### WHAT NEEDS TO BE DONE
Once you reach the line with "Raven [CD+DVD Limited Edition Type B] (Royz)", copy it and every line after it exactly, up to the end of the data. Omit the pictures.

### STORED DATA
---+---
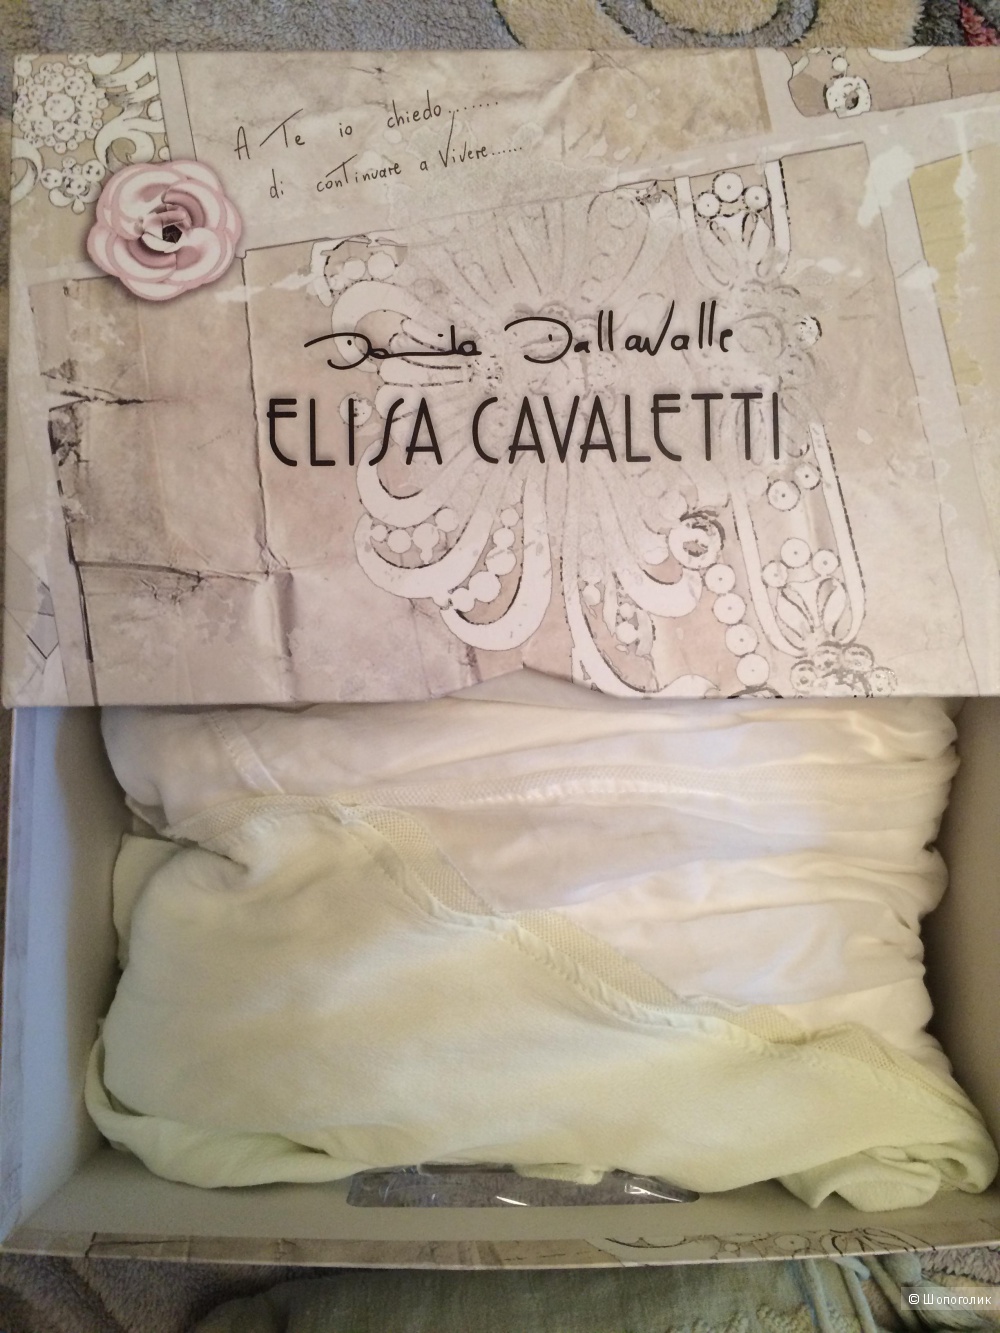 Длинная юбка Elisa Cavaletti
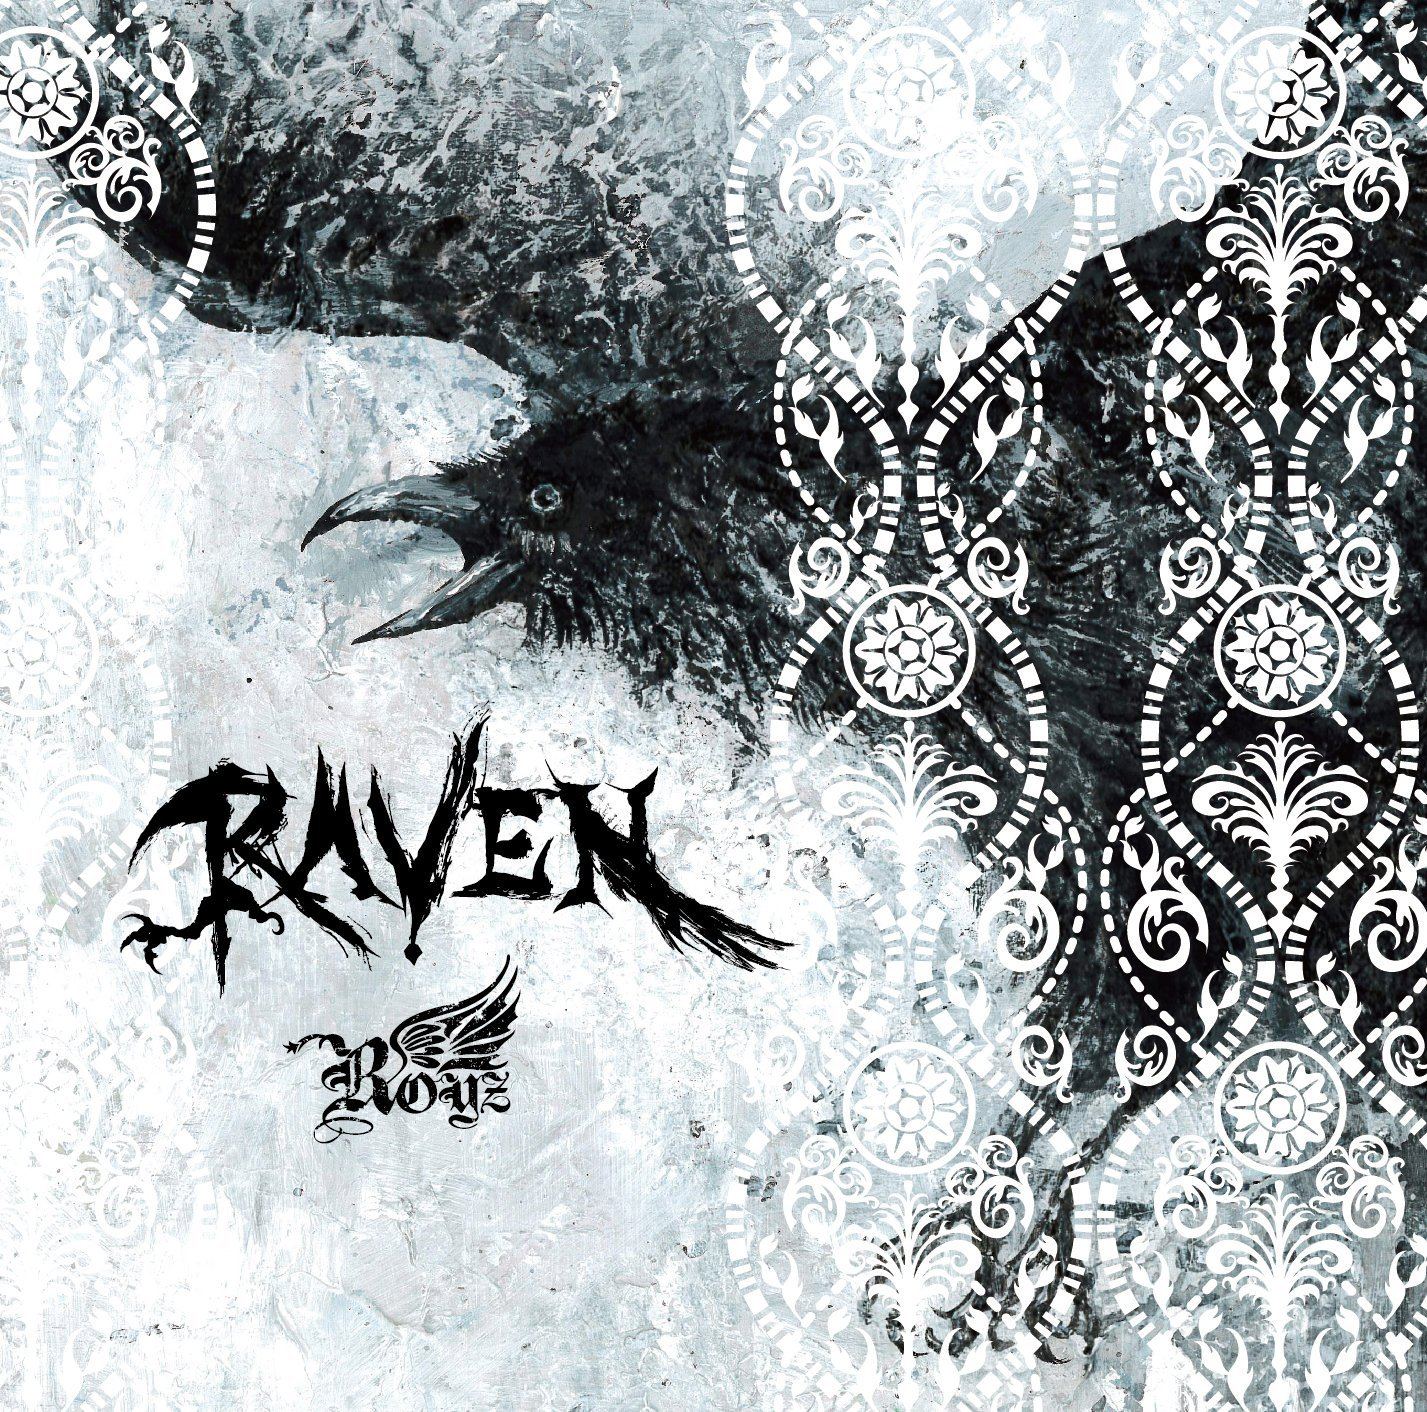 Raven [CD+DVD Limited Edition Type B] (Royz)
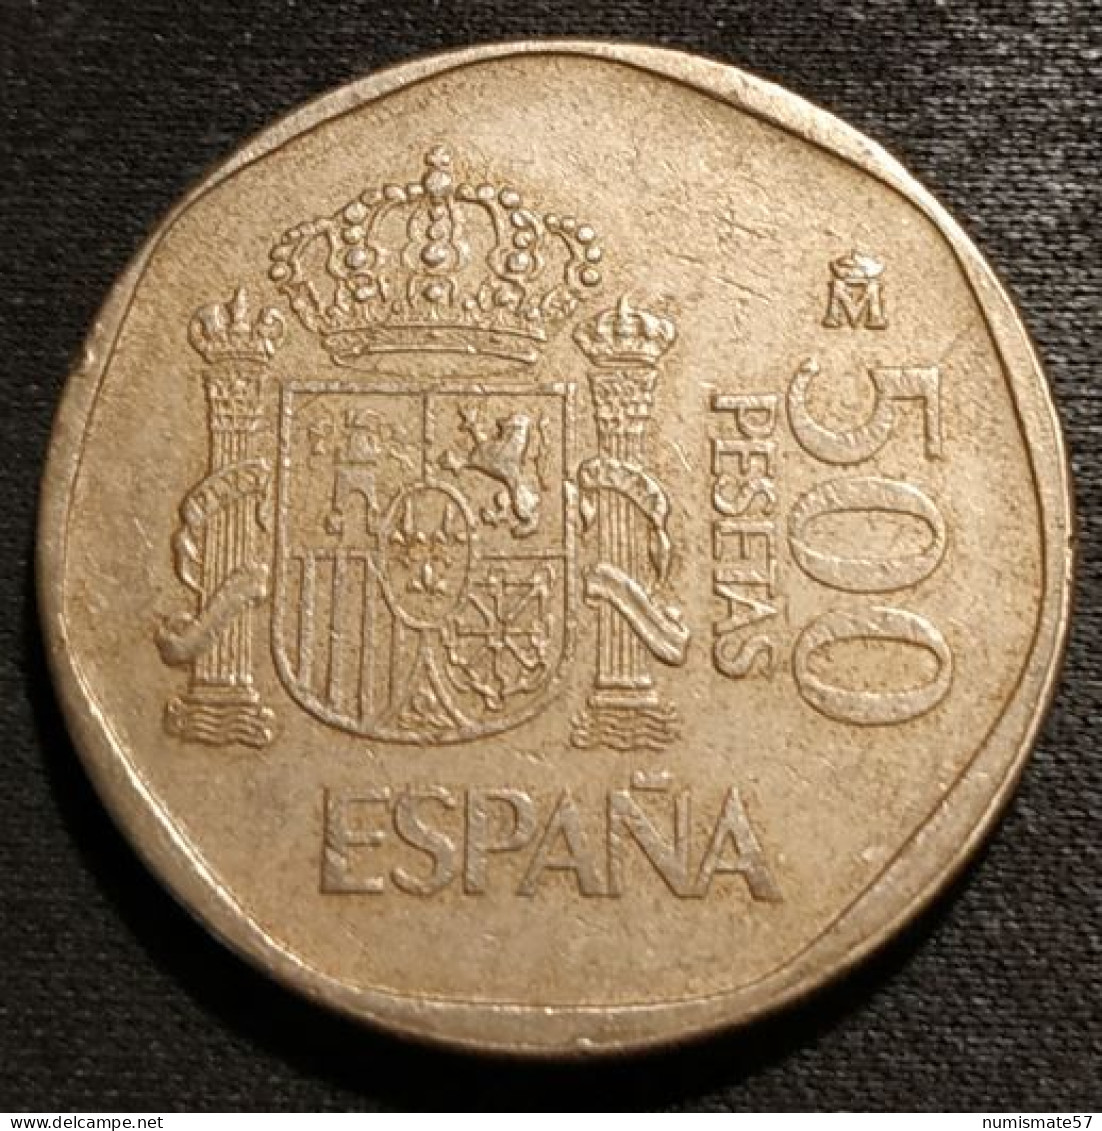 ESPAGNE - ESPANA - SPAIN - 500 PESETAS 1989 - Juan Carlos I - KM 831 - 500 Peseta
---+---
### EXERCISE RESPONSE
 Raven [CD+DVD Limited Edition Type B] (Royz)
 ESPAGNE - ESPANA - SPAIN - 500 PESETAS 1989 - Juan Carlos I - KM 831 - 500 Peseta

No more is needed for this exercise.